Does your child suck their thumb? It’s not uncommon.
According to Stanford Children’s Health, almost 90% of newborns “show some form of hand sucking by two hours after birth.” It’s a natural reflex for young kids and can even help them feel safe or handle stress. But oral health issues can arise once teeth begin to form and protrude from the gums.
Prolonged thumb sucking can lead to a mouth – or jaw – full of problems down the road, and there aren’t always easy ways to stop thumb sucking.
WHY IS THUMB-SUCKING AN ISSUE?
This natural behavior becomes an issue because of the constant pressure pushing on the jaw, mouth, and gums. This can change the way babies’ mouths develop. It can influence the formation of the palate and the alignment of teeth. Sucking can cause oral health problems like an overbite. This can lead to issues pronouncing certain words, and the thumb itself may even become sore or infected.
As your child grows older and begins exploring the world more, they are exposed to more germs. Germs on the hands quickly become germs in the mouth when thumb-sucking is a regular occurrence.
WHEN DOES THUMB-SUCKING BECOME AN ISSUE?
What was once a natural habit starts to become a problem as your child passes the age of four. Many children naturally abandon thumb sucking behavior by this point in life. Some may need encouragement to stop before the routine causes problems. Because each kid is different, it’s important to pay attention to changes in the mouth and the frequency of the thumb-sucking habit.
WHAT ARE SOME EASY WAYS TO STOP THUMB-SUCKING?
- Build positive habits — Thumb-sucking should be slowly weaned out. Through positive reinforcement, praise, and setting clear expectations. Don’t be afraid to make it fun or develop a rewards-based system—this also works for brushing teeth—that encourages the absence of thumb-sucking.

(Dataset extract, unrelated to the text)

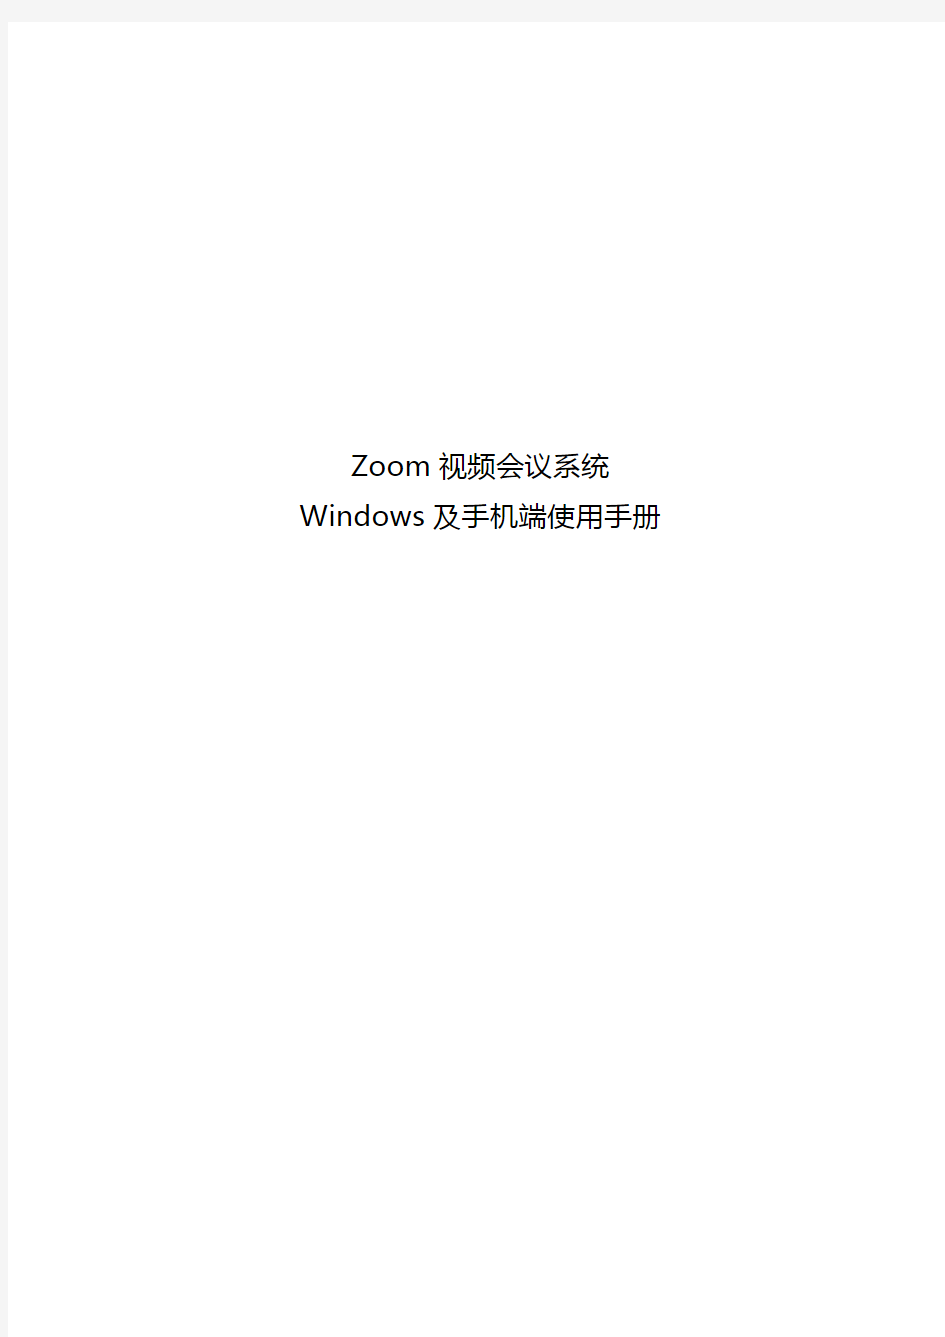 Zoom会议系统使用手册(PC端及手机端)

- Don’t go cold turkey — Learning is a process, and it’s important for your child to learn how to stop a harmful behavior. Limit the amount of time that you allow your child to suck their thumb, progressively reducing the time until it’s done. If you must, restrict thumb- sucking to specific times or places, like at home and not in public.

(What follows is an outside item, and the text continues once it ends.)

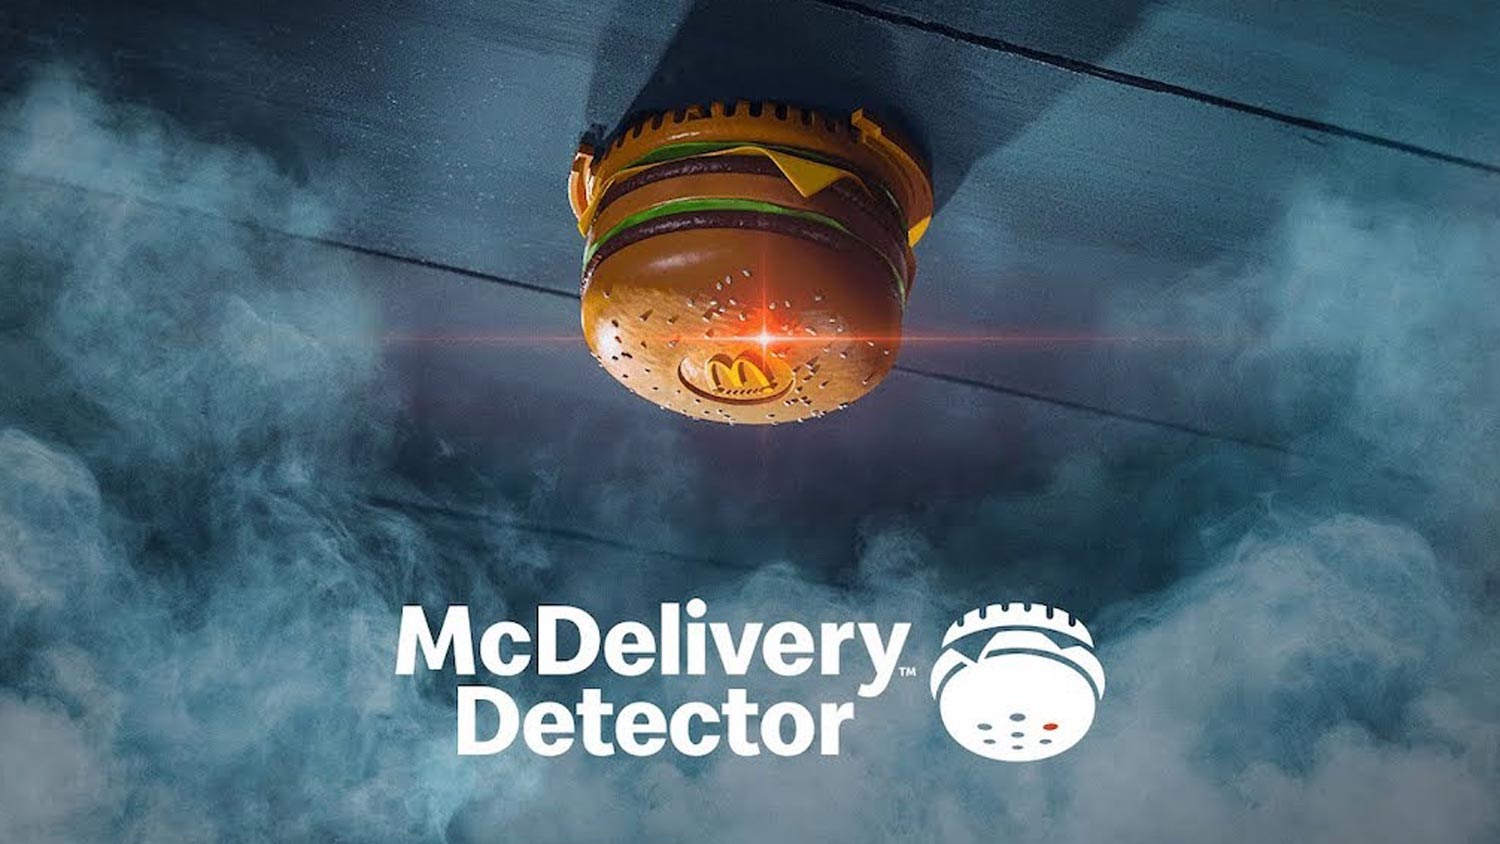 McDelivery Detector Menghantar Saranan Memesan McDonald’s Jika Mengesan Makanan Terbakar Di Dapur

- Work together — Help your child be aware of thumb-sucking and drive the desire to want to change it. Many kids do it unconsciously. Help them create a path to success. There’s no need for thumb guards or nasty-tasting topical stuff if you can foster a positive learning experience.
- Eliminate stress — Remember, thumb-sucking is also a coping technique that helps children feel calm and comfortable. Recurrence of the behavior or an inability to make progress could be an indication of stressors. Work to identify and reduce or eliminate any such triggers.

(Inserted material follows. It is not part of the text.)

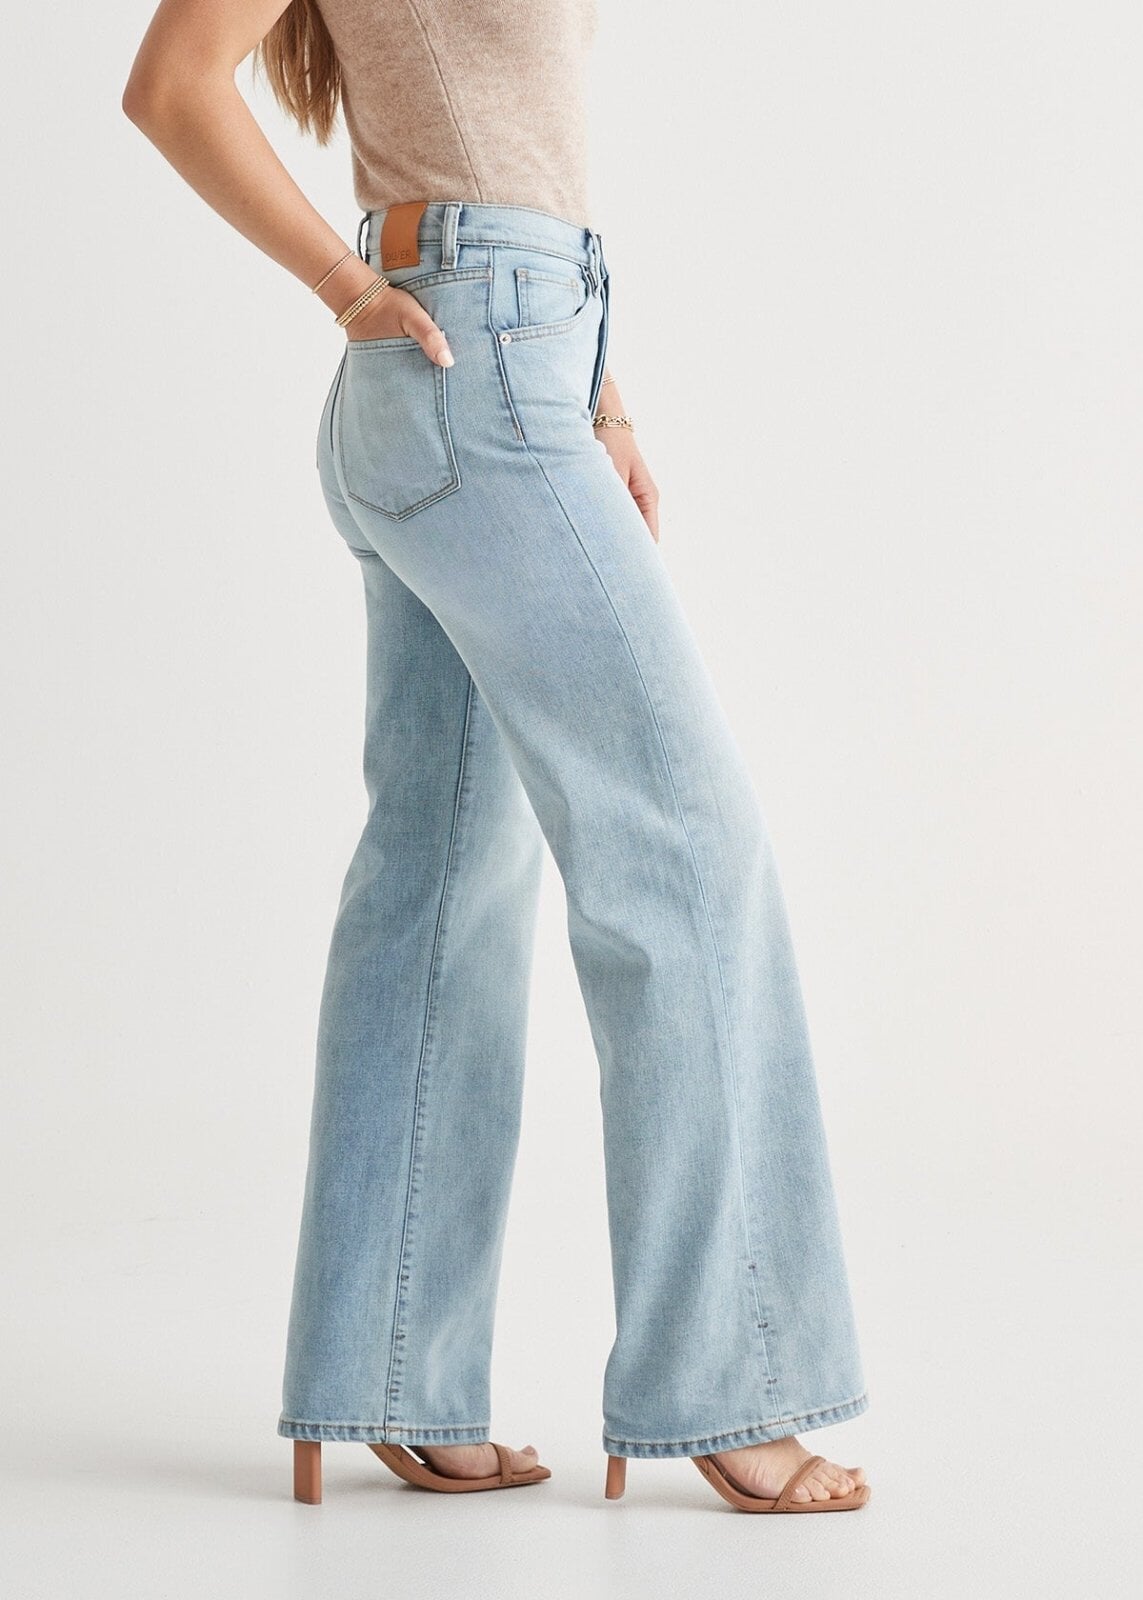 Fashion High Waist Jeans - Bell Jeans - Elastic Slim Fit Ladies

- Talk to your dentist — The people trained to take care of your oral health will certainly have ideas and suggestions on how to curb thumb-sucking tendencies.
Keep in mind that your child is their own person. They will grow out of the need for thumb- sucking when they’re ready. As a parent, they’ll need your help to identify when it’s time to let go of certain behaviors and develop others.
Be patient as you help them continue to learn and grow.